Scalable Resume Processing for Enterprises

Introduction

Resume processing in bulk is a tedious, time consuming and difficult task for Human Resource people. Medium and Large enterprises receive thousands of resumes every month for a variety of job openings. Furthermore, job search portals like jobs.com, Monster.com and countless others also need to process resumes at scale. In this project, DreamAI has implemented a scalable resume processing solution for enterprises that automates resume processing and mining data from them in bulk, and thus helps reduce the time and manual labor of extracting information from resumes. The solution developed in this project is a critical component of office process automation for enterprises and human resource companies.

Customer Story

This solution has been developed in response to requirements provided by two separate customers to one of DreamAI’s consulting partners on Google Cloud Platform. This solution is currently being demonstrated to both of these customers and a software license agreement is being worked upon at the time of this writing. Therefore, the names of both customers are withheld at this moment.
Both of the said customers are working on ways to avoid manual labor of processing and mining hundreds of thousands of resumes.

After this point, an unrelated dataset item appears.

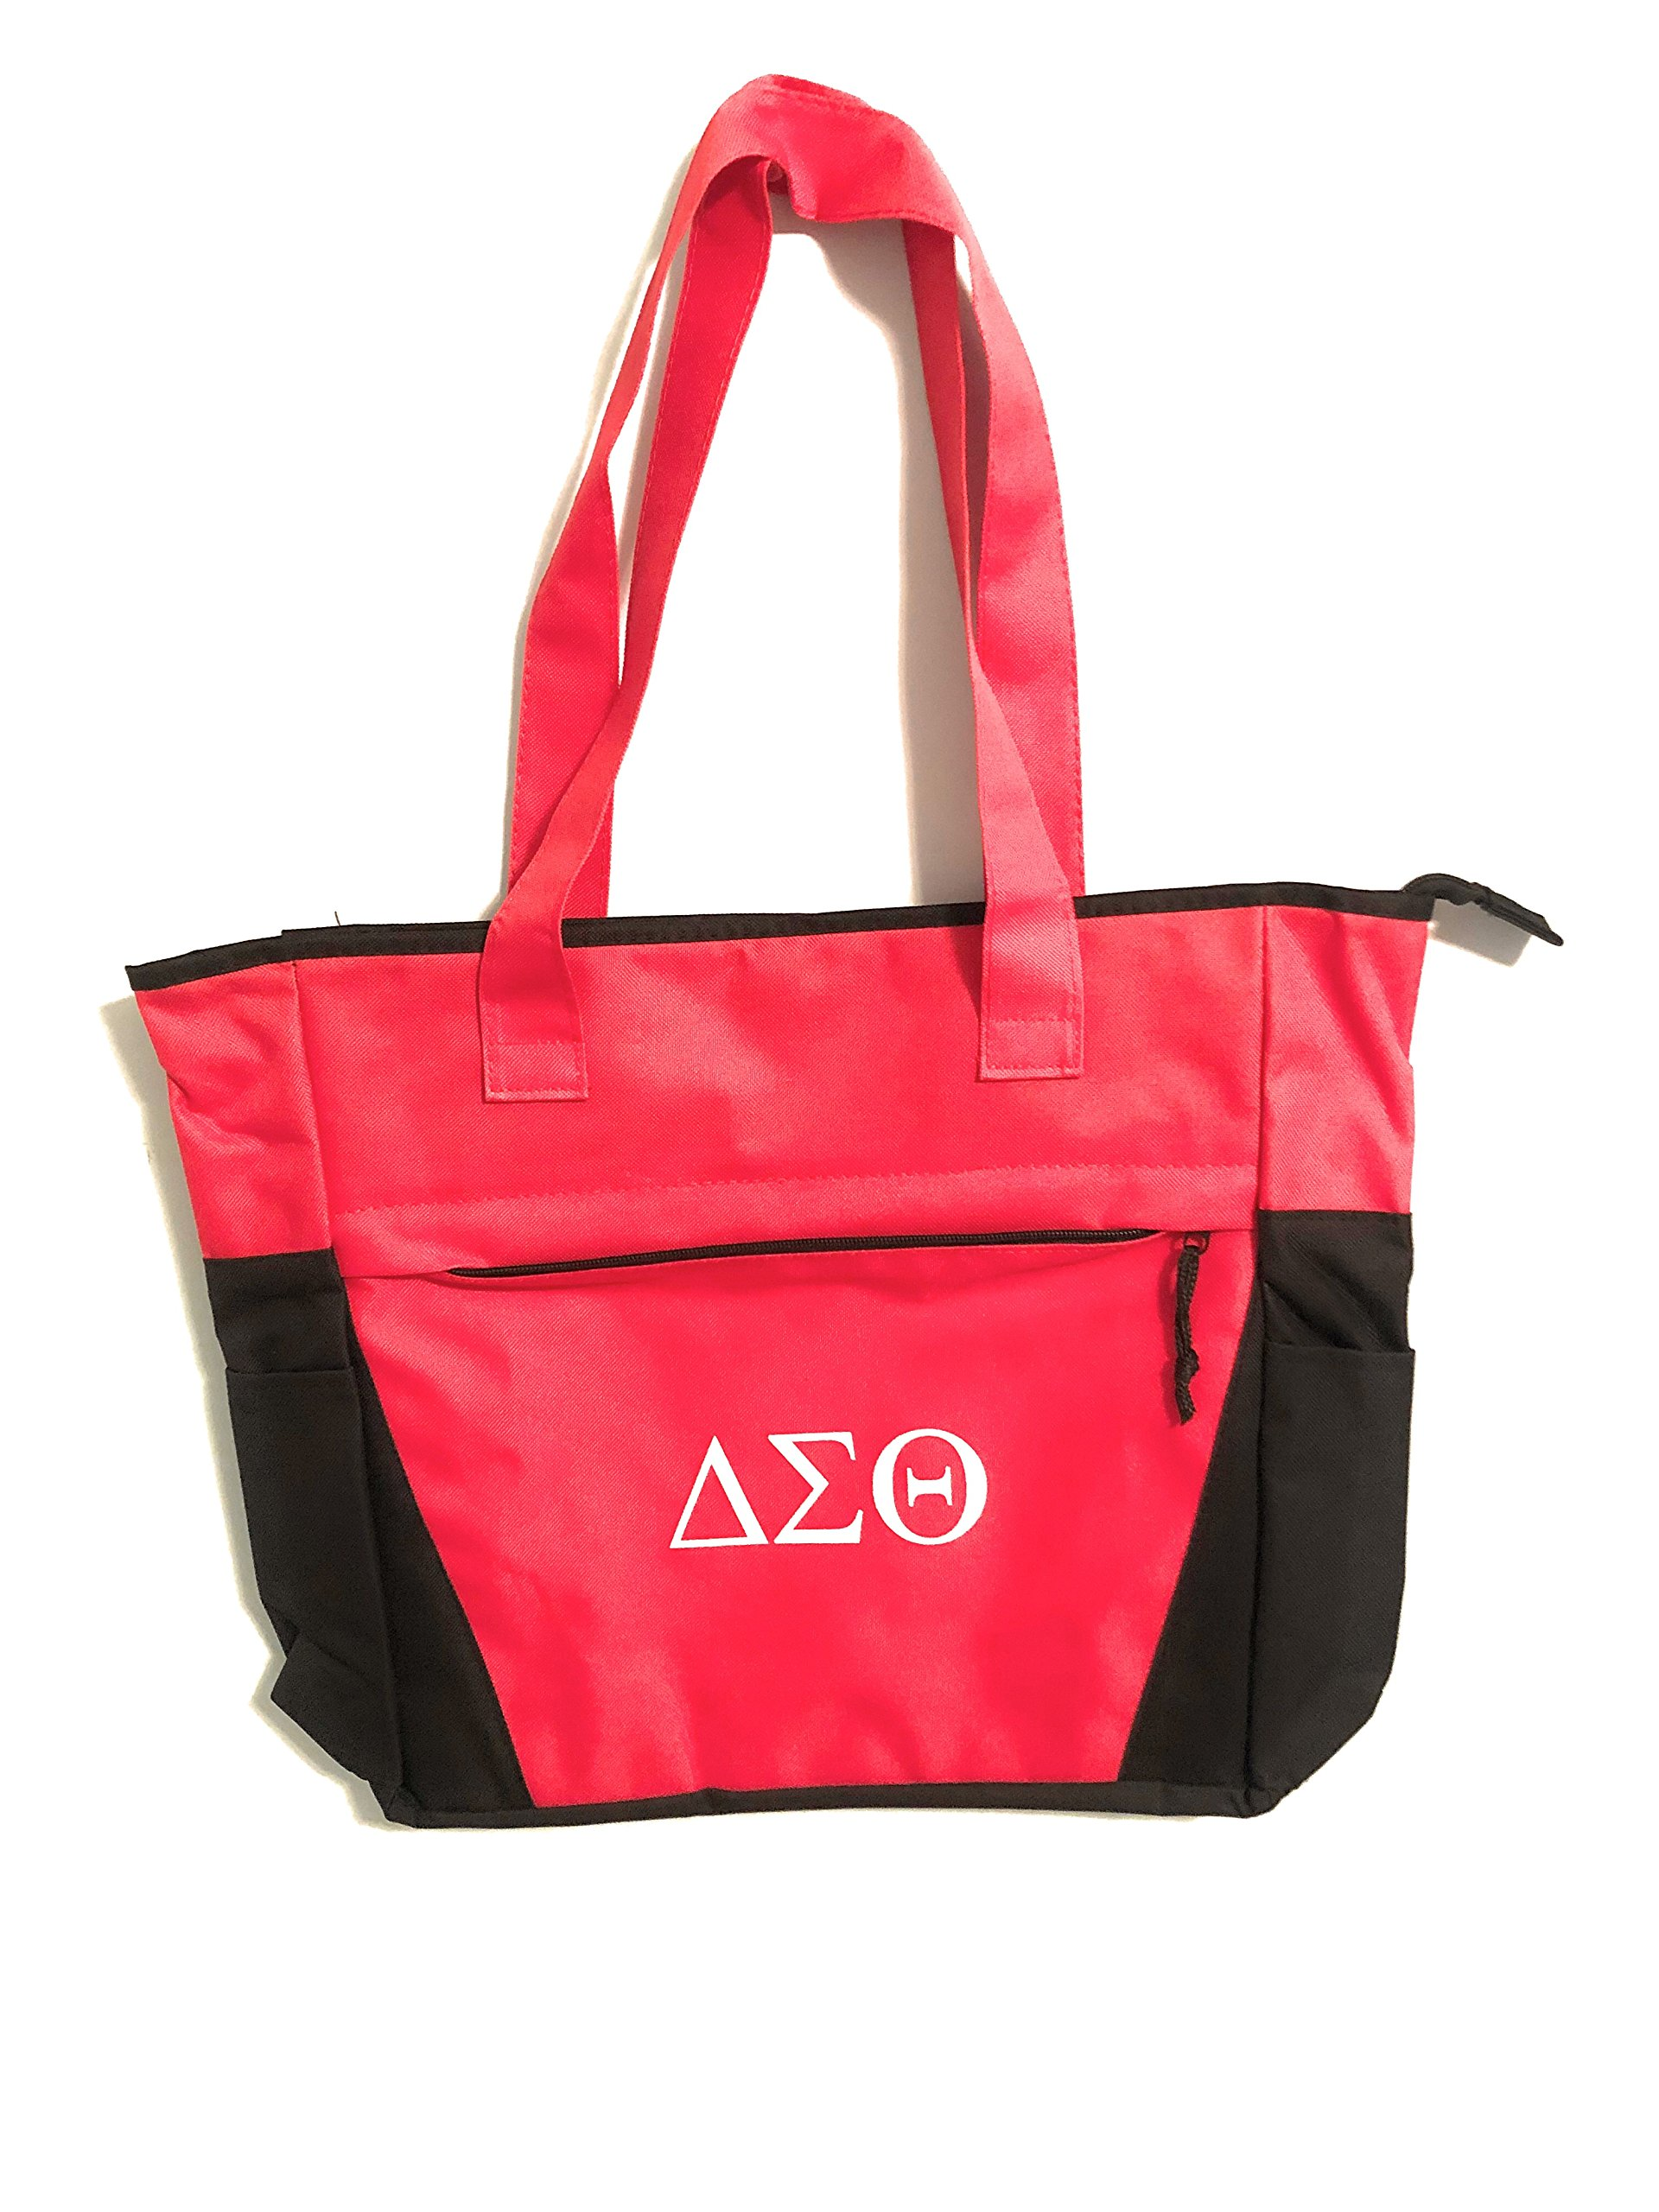 Delta Sigma Theta Sorority Shoulder Tote Bag - Crossing Initiation Graduation Gift Paraphernalia

The combined set of requirements are as follows:

Parse the resumes and store their important terms and entities in a datastore such that they are searchable across the complete resume database, thus helping shortlist the suitable candidates with simple search.
Extract different sections of each resume such as Education, Experience, Skills and Contact Info etc. and store them in an appropriate form in a datastore.
Identify named entities such as education institutions and companies and store them with each resume separately so they can be readily looked up to quickly find the resumes that mention them.

Our Solution

We developed an end-to-end ML pipeline for resume processing. The pipeline involves the following steps:

Detecting text in different areas of resume files given in PDF or DOC formats
Recognizing and extracting text from each area where text is detected
Creating text embeddings of each sentence/paragraph through a Natural Language Processing (NLP) based vectorization model.
Store the embedding vectors with each resume in a data store
Cluster resume embeddings formed in the previous step using an unsupervised learning algorithm to group each text as belonging to one of the sections such as Education, Experience, Contact Info etc.
Extract named entities from each section to classify words and phrases as Organization, Location and others.
Store the processed information with each resume with original extracted text as well as all the extracted information and embedding vectors
Build a global search index from Embeddings to facilitate similarity search based on keywords and phrases
Build an intra-resume index for each resume to quickly extract information based on keywords and phrases

Key Technologies Used

- Optical Character Recognition (OCR) for Text Detection
- OCR for Text Recognition
- Natural Language Processing
- Clustering

Key Frameworks

- Pytorch-Lightning
- Huggingface Transformers
- Jupyter Notebooks
- Pandas
- Numpy
- FastAPI
- Google Cloud Storage
- Google Kubernetes Engine

Customer Benefits

This solution is a critical component of office process automation for enterprises and human resource companies. It can reduce human engagement in the tedious process of extracting useful information from potentially hundreds of resumes daily. This leads to significantly more efficient office operations and saves valuable time for the Human Resource personnel.